The accumulation of cytotoxic 3-hydroxy fatty acids in maternal circulation is likely to cause microvesicular steatosis in maternal liver with disruption of β-oxidation and oxidative phosphorylation processes in the liver, causing decreased ATP production and increased ROS, leading to further mitochondrial damage [97,98,99]. Damage to the mitochondrial membrane in the liver was reported in a rat model of microvesicular steatosis [100,101]. Increased superoxide generation associated with reduced respiration and alterations to mitochondrial calcium homeostasis were also reported in placenta isolated from patients with AFLP. Furthermore, placental mitochondria in patients with AFLP demonstrate increased oxidative injury biomarkers [102,103]. More supporting evidence of increased oxidative stress in maternal AFLP is the reduced circulating levels of antioxidants such as tocopherols and retinol in patients with AFLP [100]. It is also possible that oxidative stress reduces the stability of HADHA protein in the mitochondrion. Further studies are needed to examine the effects of oxidative stress on HADHA protein stabilization.
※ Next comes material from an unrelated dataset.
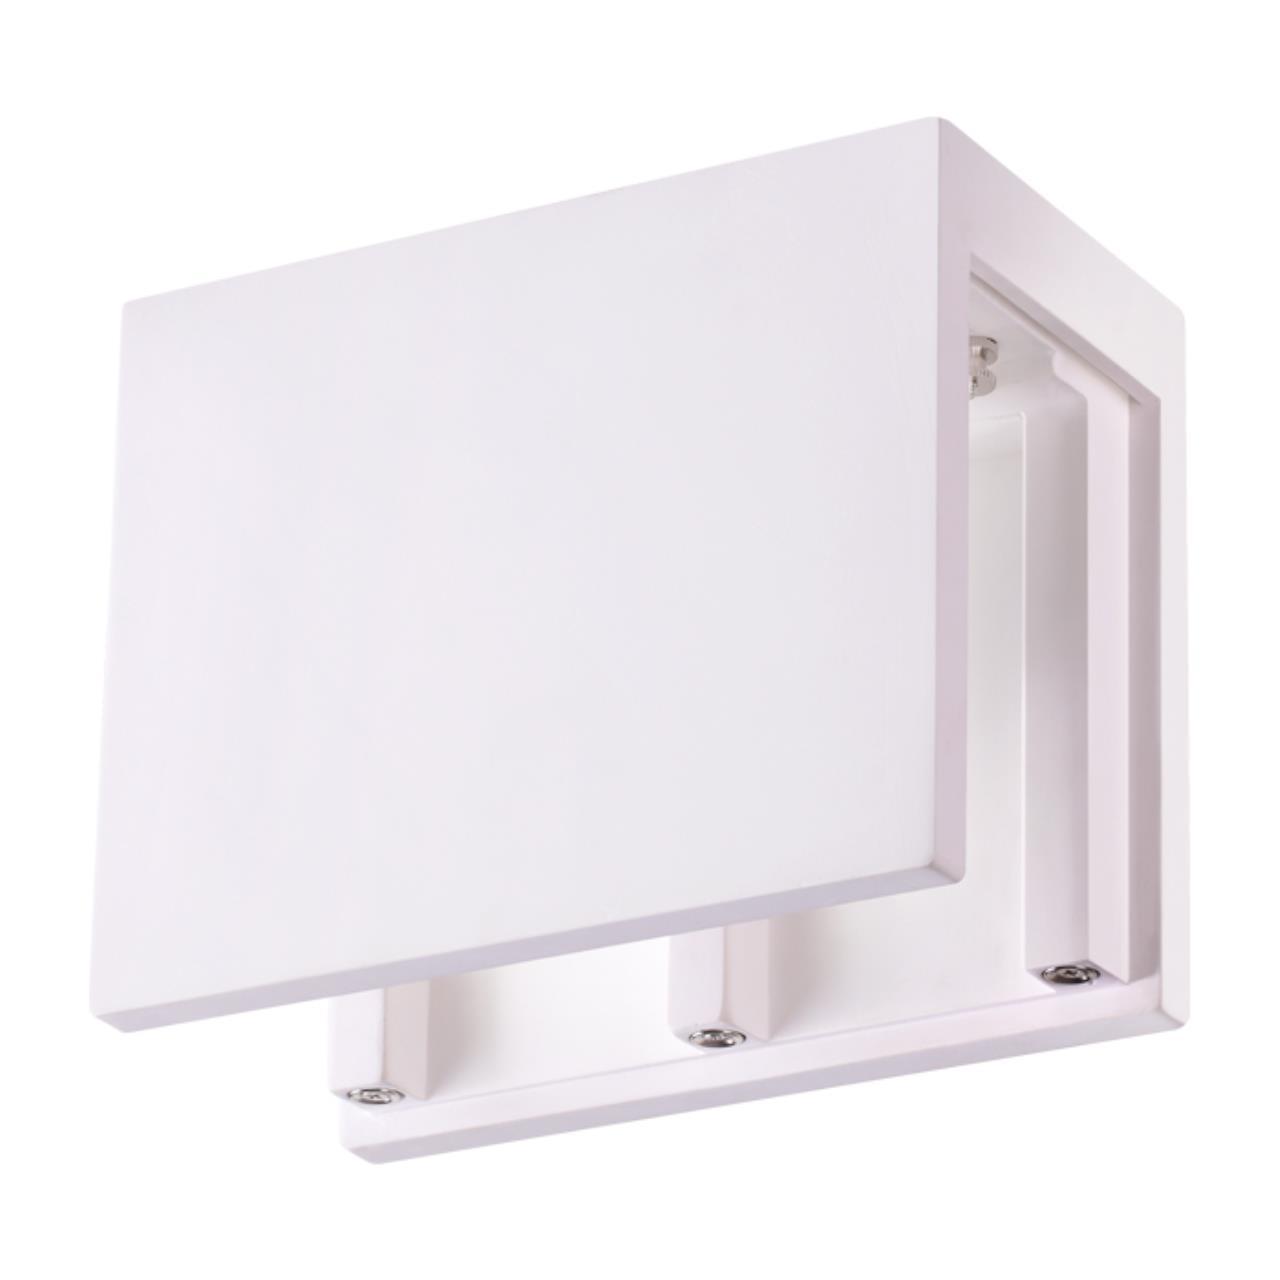 370506 KONST NT19 034 белый Накладной светильник IP20 GU10 2*50W 220-240V LEGIO

In addition to 3-hydorxy fatty acid intermediates, long-chain fatty acids such as palmitic acid and arachidonic acid are also elevated in the maternal circulation of patients with AFLP. There is supporting evidence that long-chain-fatty-acid accumulation can induce hepatocyte lipoapoptosis [100,103]. Caspase-dependent hepatocyte lipoapoptosis was reported to be induced by saturated-free, long-chain fatty acids such as palmitate [104,105]. In addition, there is evidence that palmitate-induced lipoapoptosis occurs via the activation of mitogen-activated protein kinase (MAPK) and forkhead family of transcription factor class O3 (FoxO3) and its downstream targets such as p53-upregulated modulator of apoptosis (PUMA) protein and pro-apoptotic microRNA 34a [104,106,107].

6. Conclusions

In conclusion, AFLP is a rare but life-threatening complication of pregnancy with serious fetal and maternal consequences. The pathogenesis of AFLP is strongly linked to mitochondrial dysfunction associated with fetal LCHAD deficiency. Current evidence supports an important role for placental injury and oxidative stress causing subcellular damage and mitochondrial dysfunction. The release of toxic 3-hydroxy intermediate metabolites from the LCHAD-deficient placenta and fetus into the maternal circulation is likely to be a culprit in inducing AFLP in the pregnant mother. Further research is needed to explore the role of 3-hydroxy fatty acid metabolites in the pathogenesis of AFLP.